Creating trend maps from spatio-temporal datasets
A common task in the analysis of remotely-sensed datasets is to calculate rates of change over time in, for example, ice motion or melt rates. But we don’t just want to do this for a single point, instead we want to compute the trend at every single pixel inside our analysis area. Implemented inefficiently, our analysis could take several hours to run - but done right we can get results in seconds.
Load in the data
In this example I’m simply going to consider changes in surface melt rates over the Greenland Ice Sheet. There’s nothing novel about this analysis. Specifically, I’m working with daily outputs from the regional climate model MAR, which are provided in NetCDF format.
Let’s use the power of xarray, which can do out-of-memory computation on large datasets through dask, to load in the surface melt rate time series from 2000 to present.
import xarray as xr mar = xr.open_mfdataset('/data/mar_data/*.nc')
Do some data reduction
We’re only interested in looking at surface melting which occurs during June, July and August each year, so now let’s calculate the annual surface melt rate which occurs at each point in the model domain during each June-July-August period.
JJA_annual = mar['MELT'].where(mar['MELT']['TIME.season'] == 'JJA').groupby('TIME.year').mean(dim='TIME')
We’ve now reduced the data to a manageable size - one that should easily fit into memory on most computers - unlike the data set we started off with.
As we’re only loading in 15 years in this example we can easily visualise the maps of JJA melting each year by producing a facet plot:
Compute the trends
Now we’re going to compute the temporal trend in melting at each point in the model domain using regression. We need to use numpy for this so first let’s pull out a 3-dimensional numpy array of values from xarray together with the years, which will be our x coordinate for the regression calculation:
vals = JJA_annual['CC'].values years = JJA_annual.year.values
For the next bit we are assuming that our
vals variable has the dimensions
[TIME, Y, X], which is what xarray outputs for the particular data set that I am using.

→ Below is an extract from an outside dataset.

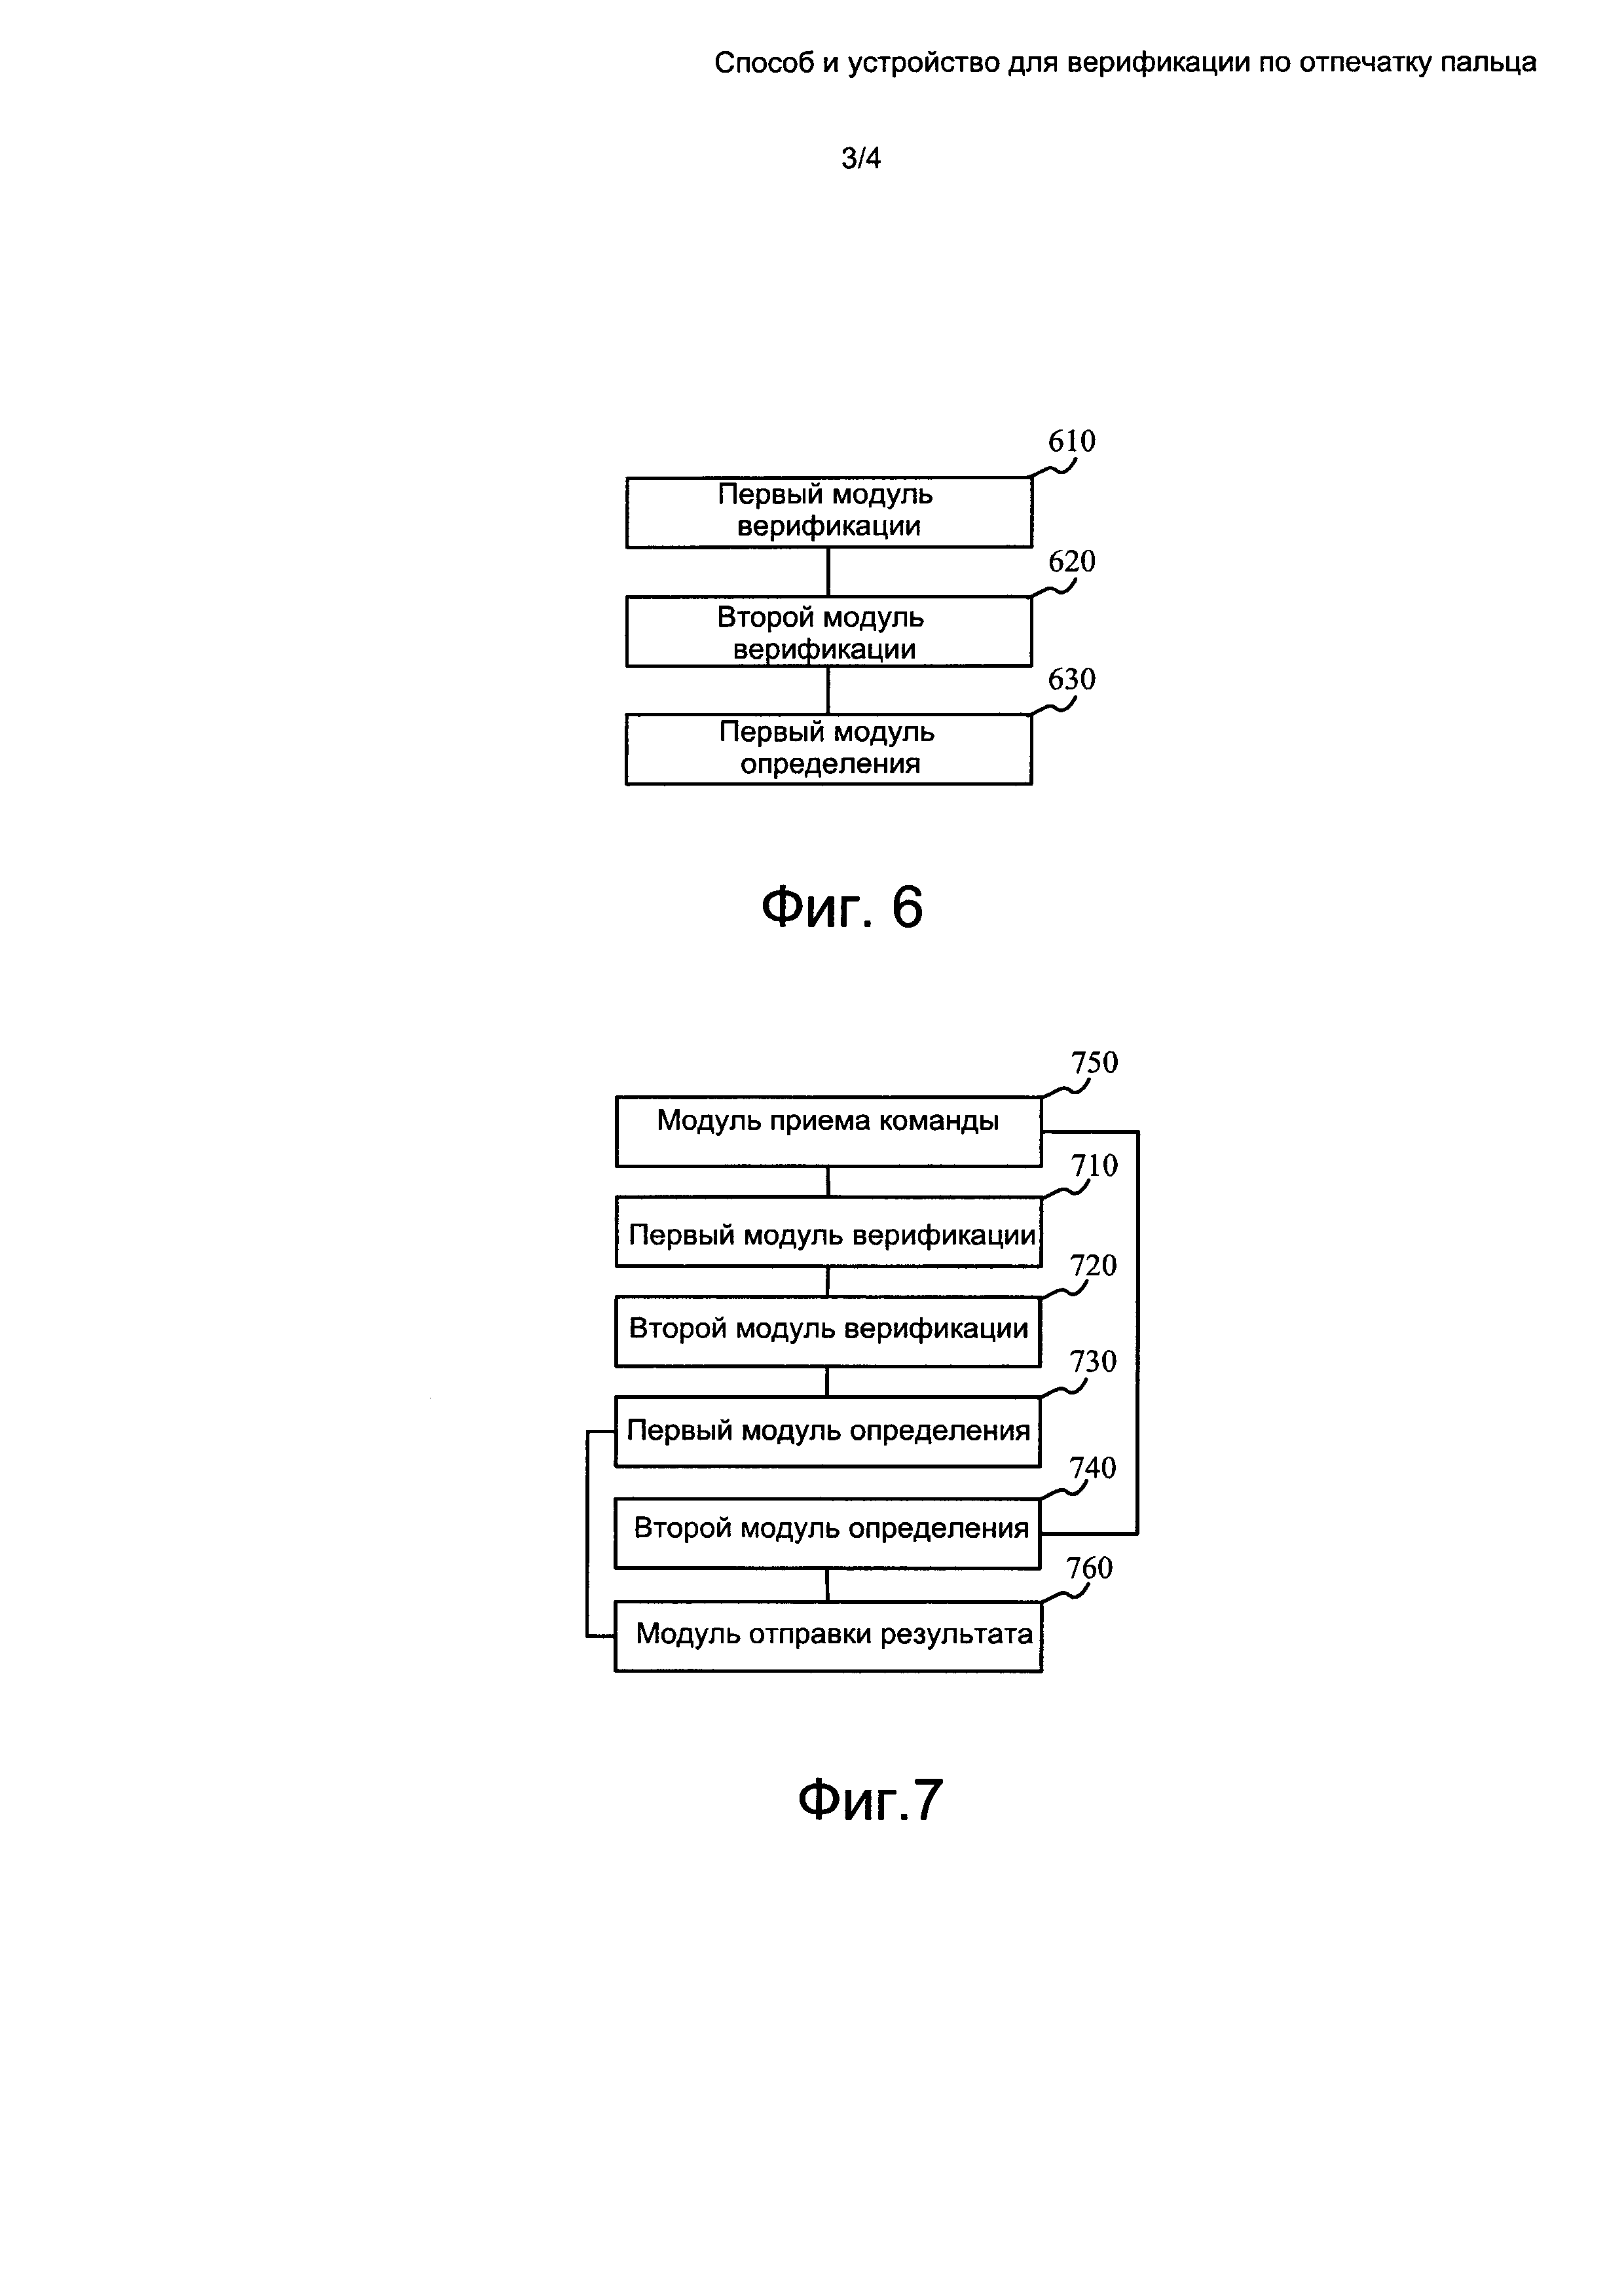 Способ и устройство для верификации по отпечатку пальца

To compute the trend at each point in the model domain there are just a few steps, which are quick to run:
# Reshape to an array with as many rows as years and as many columns as there are pixels vals2 = vals.reshape(len(years), -1) # Do a first-degree polyfit regressions = np.polyfit(years, vals2, 1) # Get the coefficients back trends = regressions[0,:].reshape(vals.shape, vals.shape)
Regarding the speed of execution, the important thing to note here is that
np.polyfit is incredibly rapid and will execute 38,000 calculations (the number of pixels in my dataset) within a couple of seconds on a reasonably powerful desktop machine. On the other hand, if we were iterating through the numpy arrange pixel-by-pixel in order to run a function such as
numpy.linalg.lstsq then this procedure would take several hours.
You can visualise the
trends output variable to see your trend map. You should also check out the goodness-of-fit using the second row of outputs in
regressions. Do some nice plotting using basemap or cartopy to produce a map and then you’re finished.